The Trustee alleged deficiencies in the operation of the Debtors including the Defendants’ alleged failure to establish the systems and procedures necessary to collect receivables.
The Trustee’s complaint alleged that the company allegedly adopted an “inappropriate accounting” practice under which receivables that could not be collected allegedly continued to be carried on the company’s books as “assets”. The Trustee claimed that the company’s financial statements allegedly misstated its actual financial condition and led to alleged misrepresentations to the creditors. The creditors were allegedly defrauded into extending credit.

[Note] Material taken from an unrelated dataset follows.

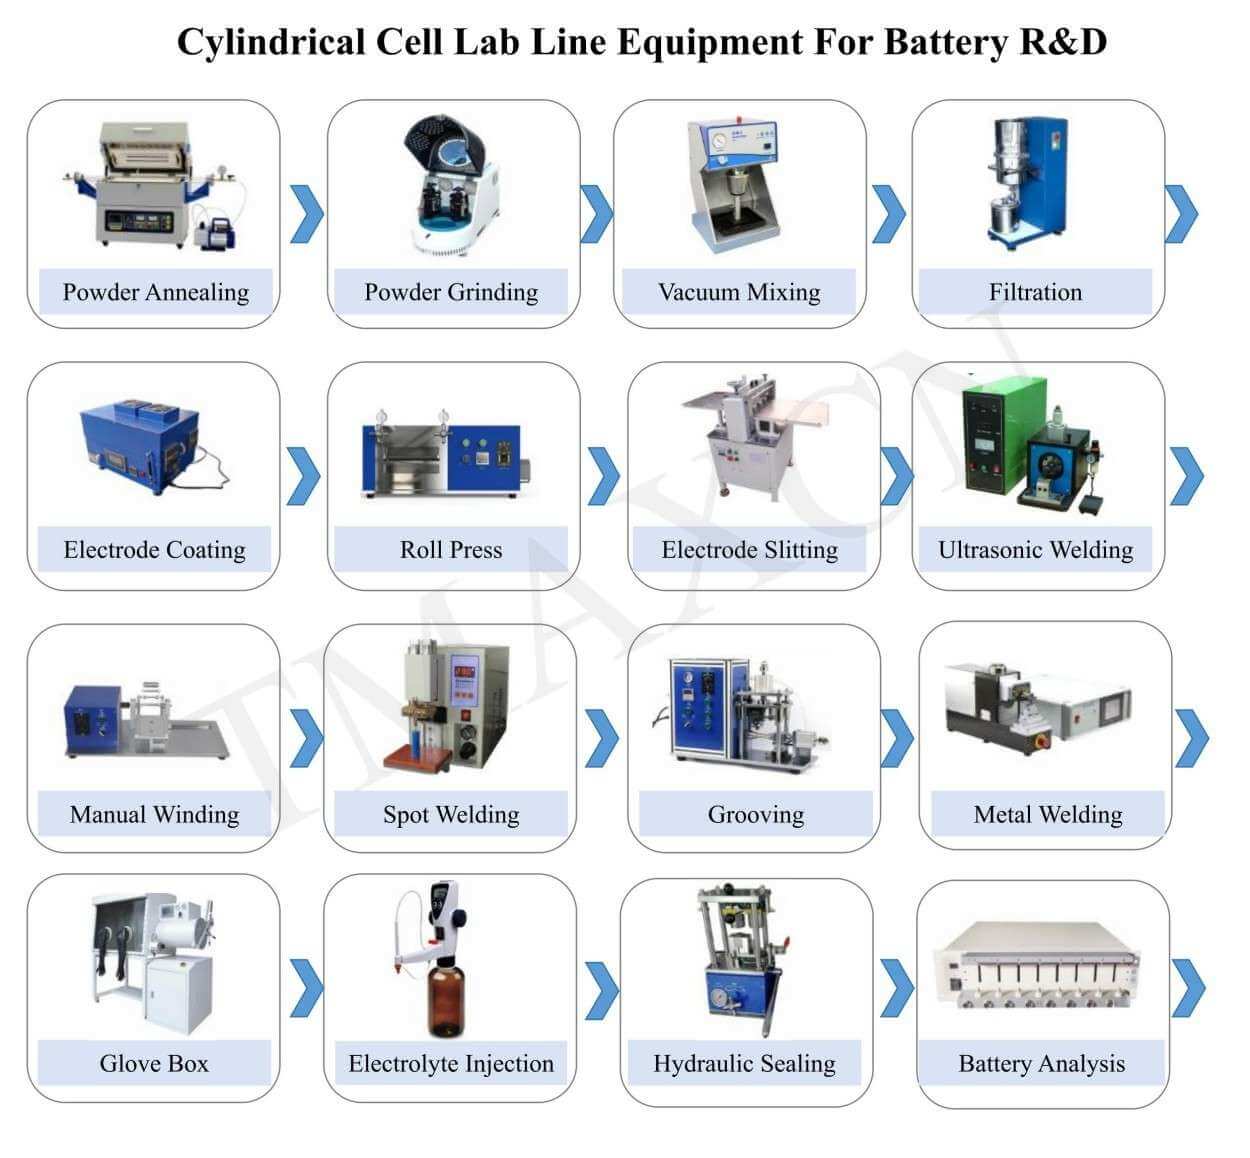 Cylindrical Cell R&D Line

The trustee asserted that because of the alleged breaches the company allegedly suffered tens of millions of dollars in losses from uncollectible accounts receivable and incurred debt that it would be unable to pay. The trustee further claimed that the director Defendants allegedly abdicated their roles through “intentional ignorance” and/or “willful blindness” toward the alleged operational deficiencies, system failures, and improper accounting.
While describing the Delaware law on breach of fiduciary duty, the Court observed that the directors and officers of a Delaware corporation are required to use that amount of care which an ordinarily careful and prudent person would use in similar circumstances; and consider all material information reasonably available. The Court noted that the duty of care requires directors to inform themselves, before making a business decision, of all the material information reasonably available to them.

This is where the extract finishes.